== About this task ==
Lines from the beginning of the material below through the line that has "It's a picnic" are to be reproduced exactly, but pictures are not.
----------
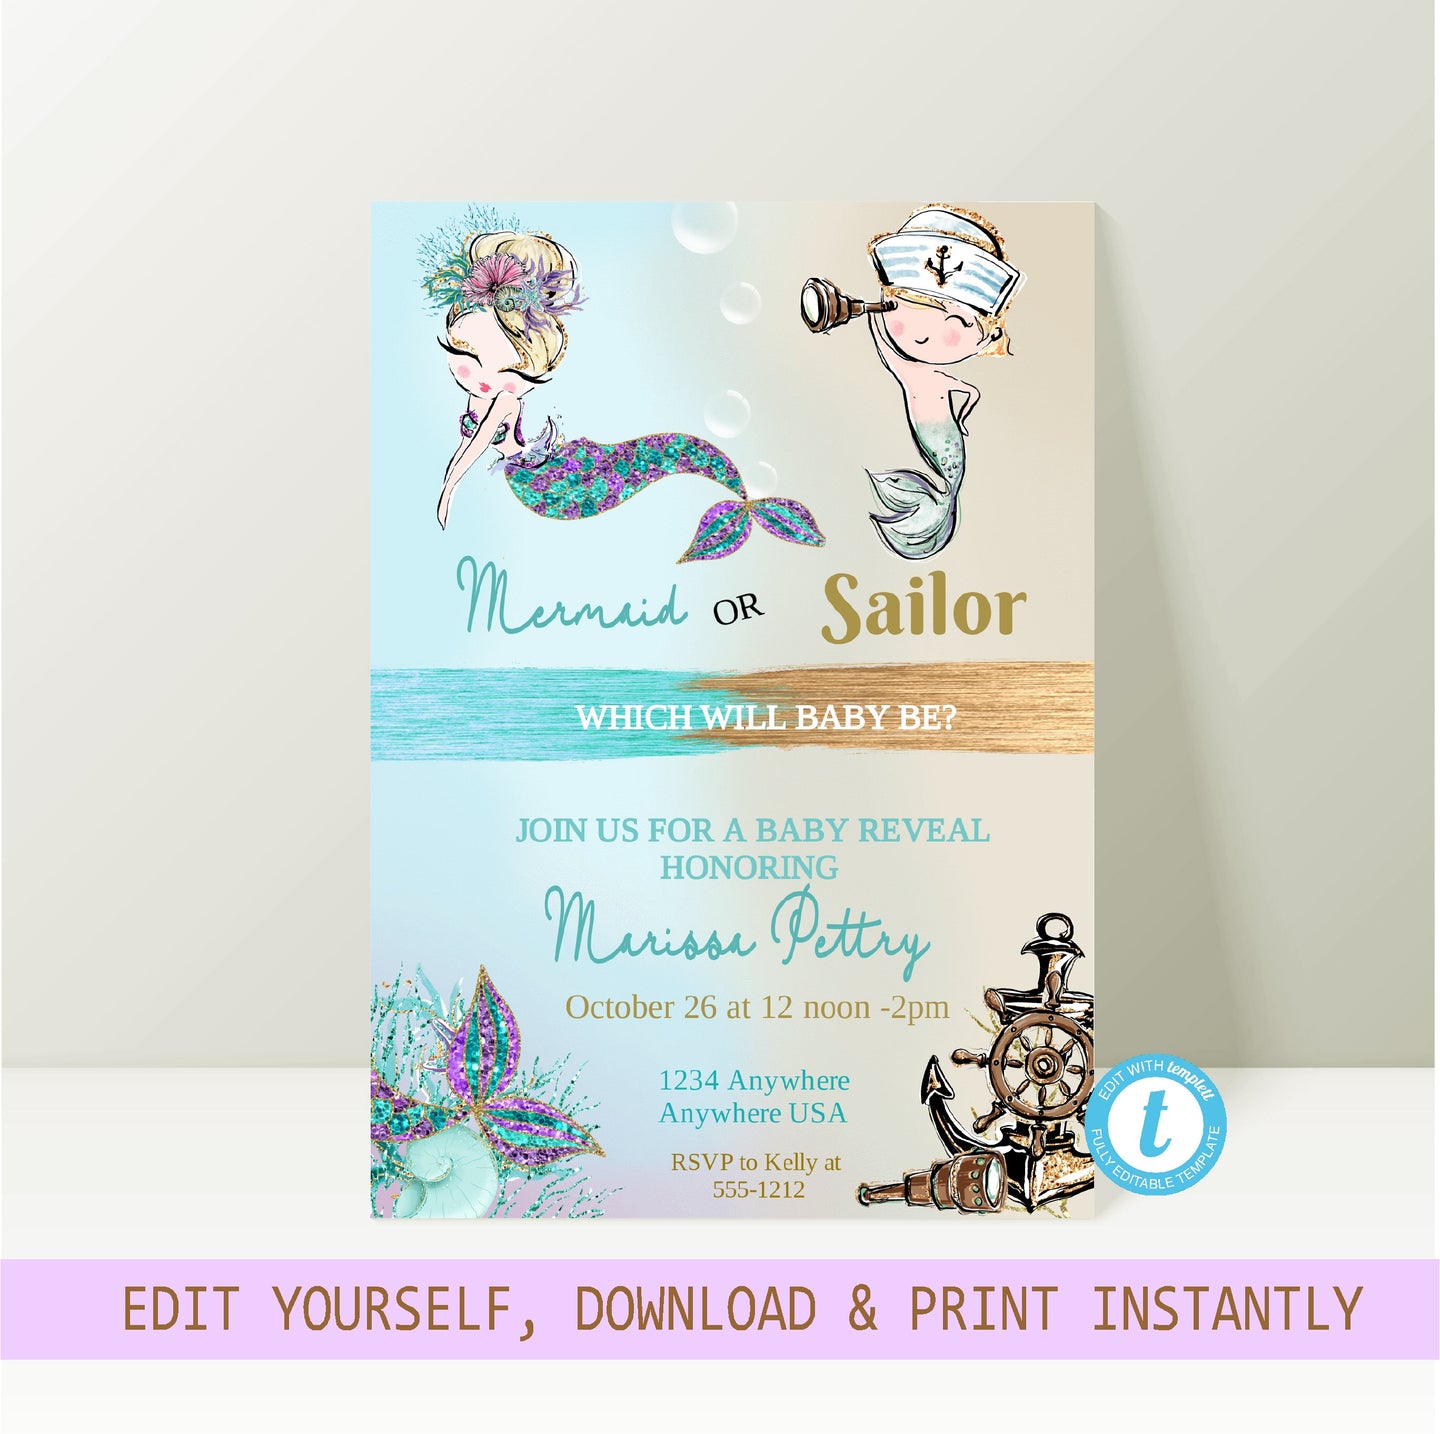 Mermaid or Sailor Gender Reveal Invitation, Sailor Nautical Gender Reveal Party Invite, Glitter, He or She What Will Baby be edit yourself
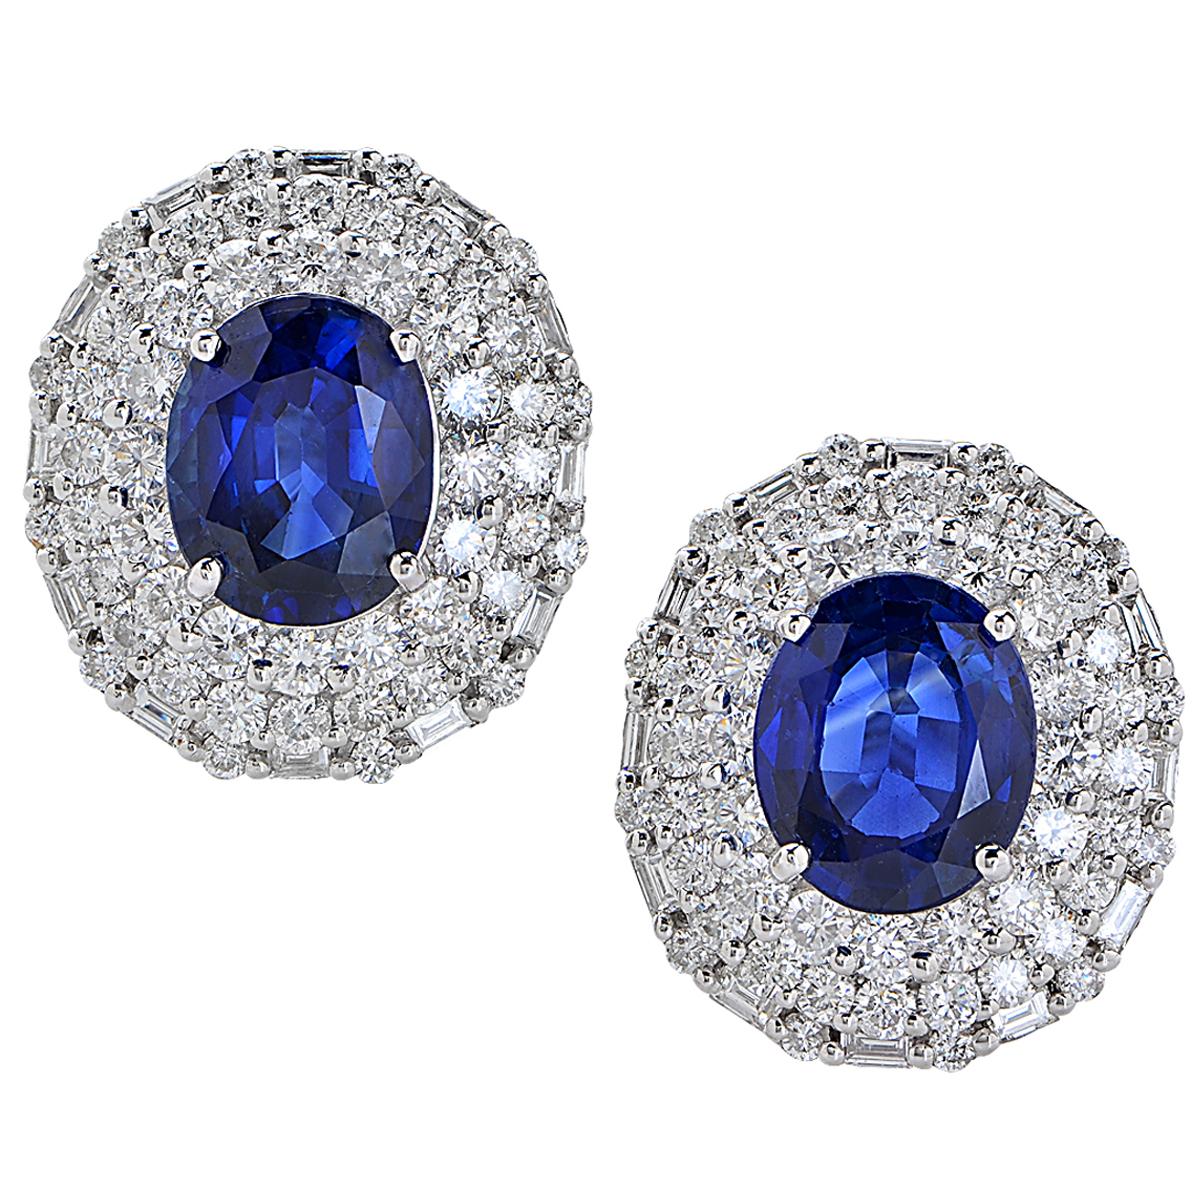 Oval Cut Impressive Sapphire and Diamond Necklace and earrings
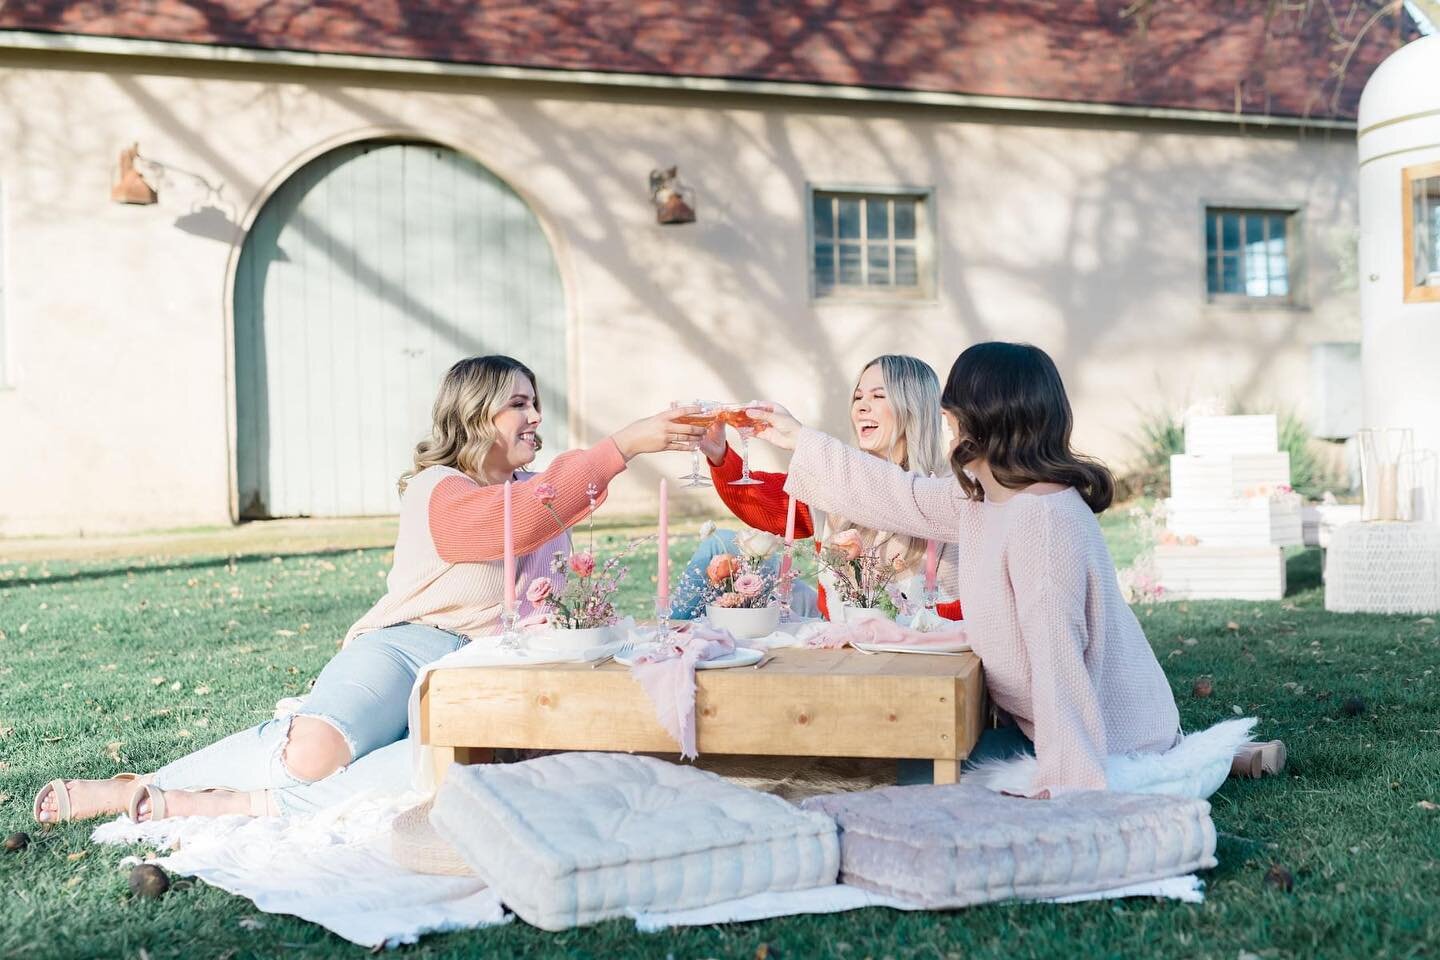 It's a picnic with the girls kind of weekend 🥂 #TheMaples 📸: @clairenicolephotography 

Planning + Design: @kloeevents
Balloons:  @hiphooraycompany
Floral Designer: @bloomonade
Mobile Bar: belleaventureevents
Furniture Rentals + Backdrop: @petiteev
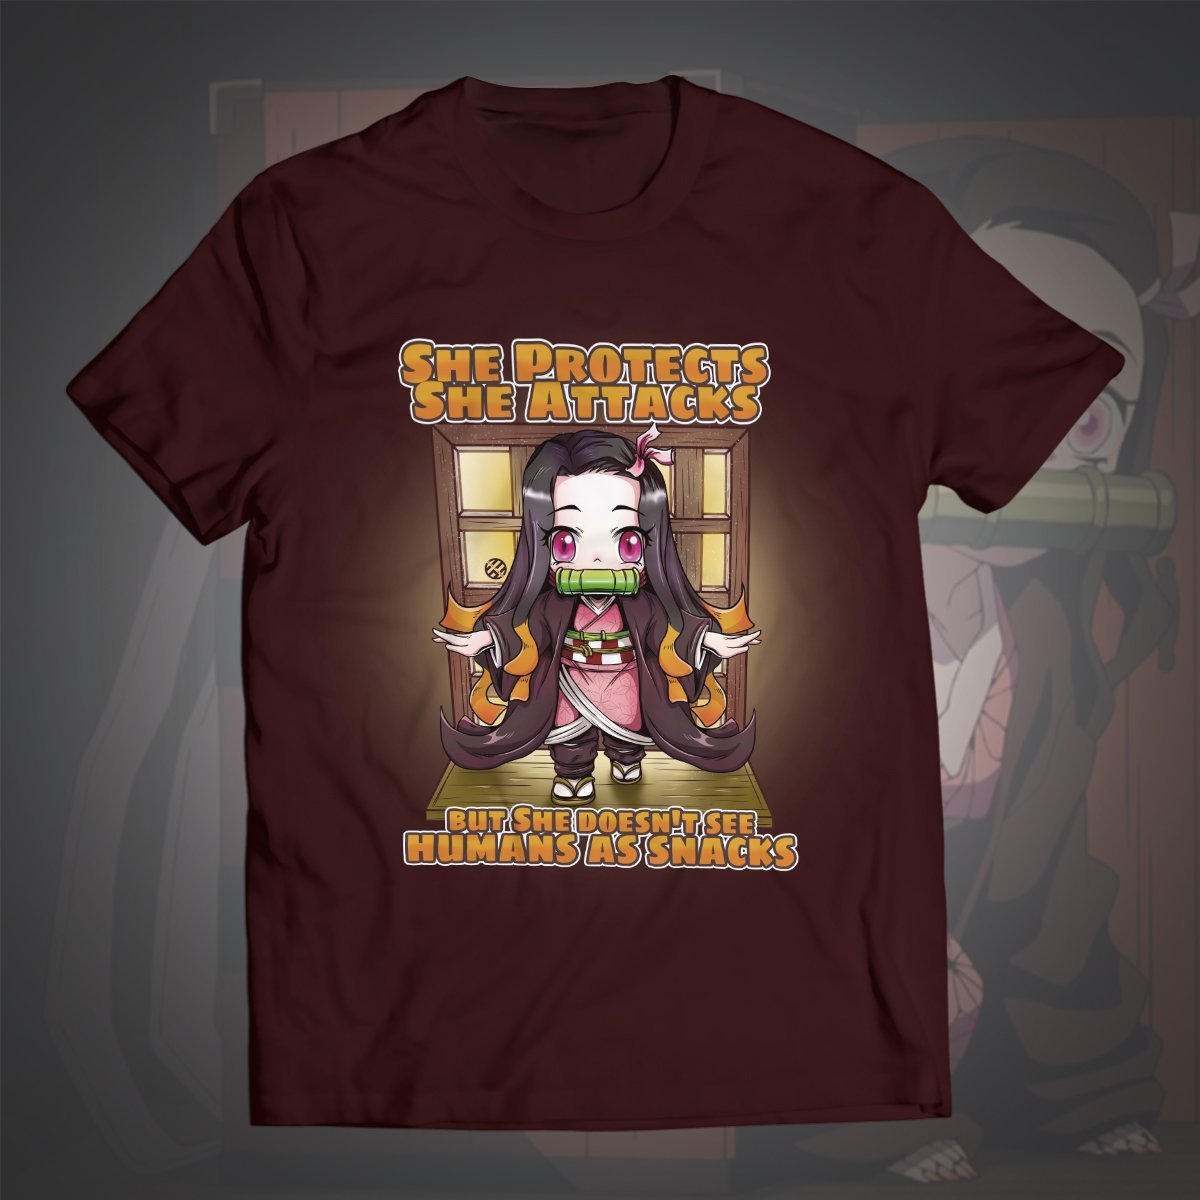 She Protects She Attacks but She doesn't see humans as snacks Unisex T-Shirt Official Demon Slayer Merch
----------
== Result of the exercise ==
 Mermaid or Sailor Gender Reveal Invitation, Sailor Nautical Gender Reveal Party Invite, Glitter, He or She What Will Baby be edit yourself
 Oval Cut Impressive Sapphire and Diamond Necklace and earrings
 It's a picnic with the girls kind of weekend 🥂 #TheMaples 📸: @clairenicolephotography 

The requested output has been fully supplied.